Ya centrándonos en los resultados finales del programa tras haberse emitido, Morales destacaba que “estamos viviendo un momento singular; la crisis sanitaria de la que estamos saliendo está dando paso a una crisis económica y social de enorme calado. No va a ser fácil recuperar el mercado turístico de manera inmediata por lo que es necesario trabajar de manera mancomunada la sociedad pública y civil para volver a captar esos mercados que se han mantenido fieles a Gran Canaria. En esta vuelta a la normalidad el turismo cuenta con un papel fundamental, en los últimos años habíamos logrado que el turismo peninsular volviera a Gran Canaria y justo antes de la llegada a la pandemia era el que más crecía en la isla. Por eso es muy importante que profundicemos en la campaña que haga llegar las bondades de nuestra isla a ese público que busca algo más que sol y playa, y para eso el programa de MasterChef de este lunes puede haber sido de gran ayuda. Ha llegado en un momento clave, porque justo se emite cuando se vislumbra el fin del estado de alarma en las islas y se empezarán a abrir los aeropuertos para recibir a los visitantes que tengan ganas de pasar sus vacaciones con nosotros. Y no tenemos que olvidar que si los turistas peninsulares van a ser claves para salvar la campaña de verano, MasterChef ha transmitido en el día de ayer los valores culturales de nuestras Montañas Sagradas (Patrimonio Histórico de la Humanidad) así como de las riquezas de nuestros productos y la valía de nuestros jóvenes cocineros. Gran Canaria ha ido cogido posiciones gastronómicas con fuerza en los últimos años, lo que unido al ansia de salir de esta situación y recuperarnos mirando el pasado para coger impulso hacia el futuro, ha hecho de esta emisión no sólo un mensaje para el foráneo, sino a su vez un motivo de orgullo para el grancanario, casi me atrevería a decir que una inyección de autoestima que nos de aún más fuerza para salir adelante”.

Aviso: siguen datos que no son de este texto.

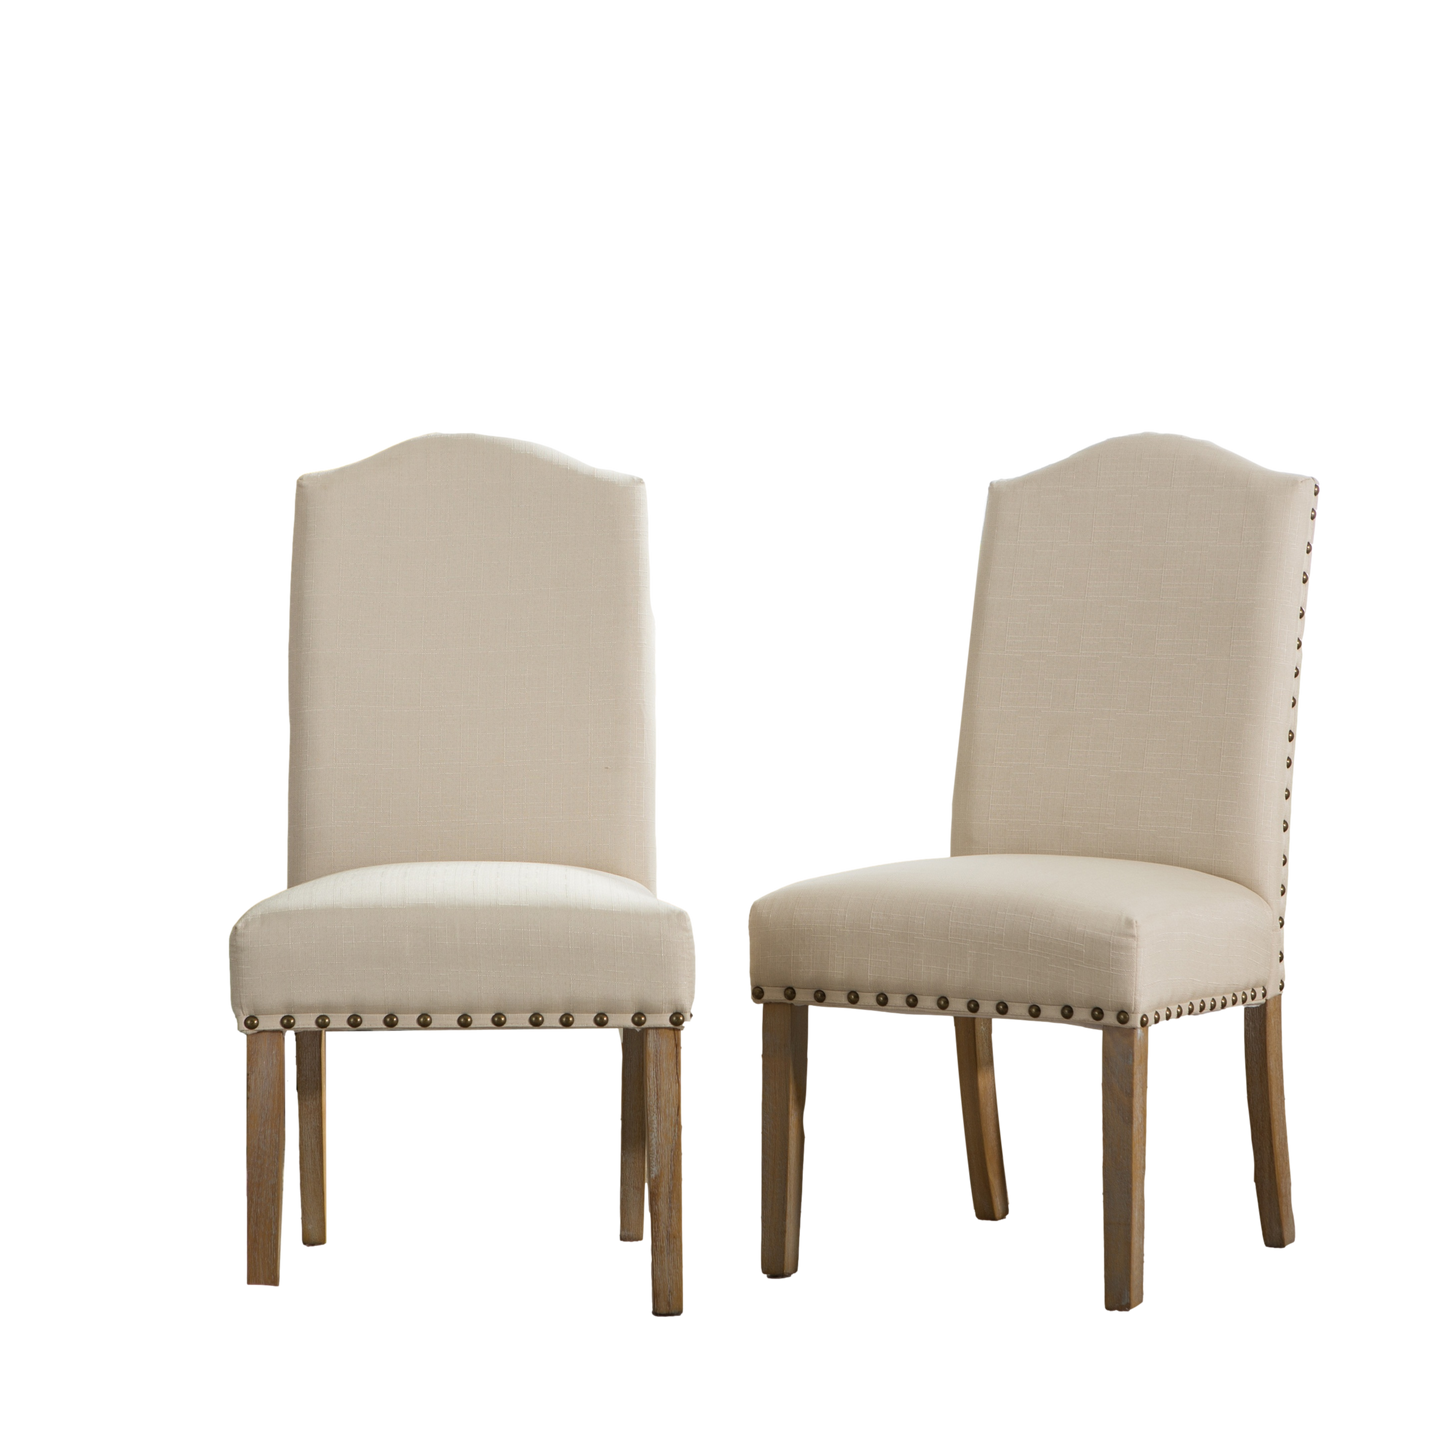 Mod Urban Style Solid Wood Nailhead Tan Fabric Padded Parson Chair, Set of 2

Ya como cierre no vamos a obviar la intervención de Jordi Cruz en el programa que desató un aluvión de críticas en redes sociales, cuando en su alocución en off decía lo siguiente: “Viajamos a uno de los paraísos más auténticos de nuestro país, Gran Canaria, y lo hacemos para conocer las montañas sagradas, un lugar tan misterioso como lleno de encanto. Aquí dejaron sus huellas los trogoloditas que habitaron en el norte de la isla hace miles de años entregándonos como legado uno de los yacimientos prehistóricos subterráneos más importantes del mundo: Risco Caído. Una ruta con casi mil yacimientos que la UNESCO ha declarado Patrimonio de la Humanidad”. Ante ello, la avalancha de tweets y mensajes en redes sociales sintiéndose ofendidos por parte de nosotros, los canarios, fueron una constante. Pero resulta que Jordi Cruz no se ha equivocado ni nos ha faltado el respeto, aunque parezca lo contrario. Si visitan la web oficial www.riscocaido.grancanaria.com encontrarán lo siguiente: “A unos 100 metros de altura con respecto al cauce, se encuentra el antiguo poblado trogolodita de Risco Caído, en un entorno muy rico en vestigios paleontológicos…”. Consultado al respecto a Antonio Morales ratificaba que “aunque pueda sonar raro, técnicamente es así y así se encuentra en la memoria de la UNESCO”. Por lo que con ello, creo que la polémica crea oficialmente zanjada.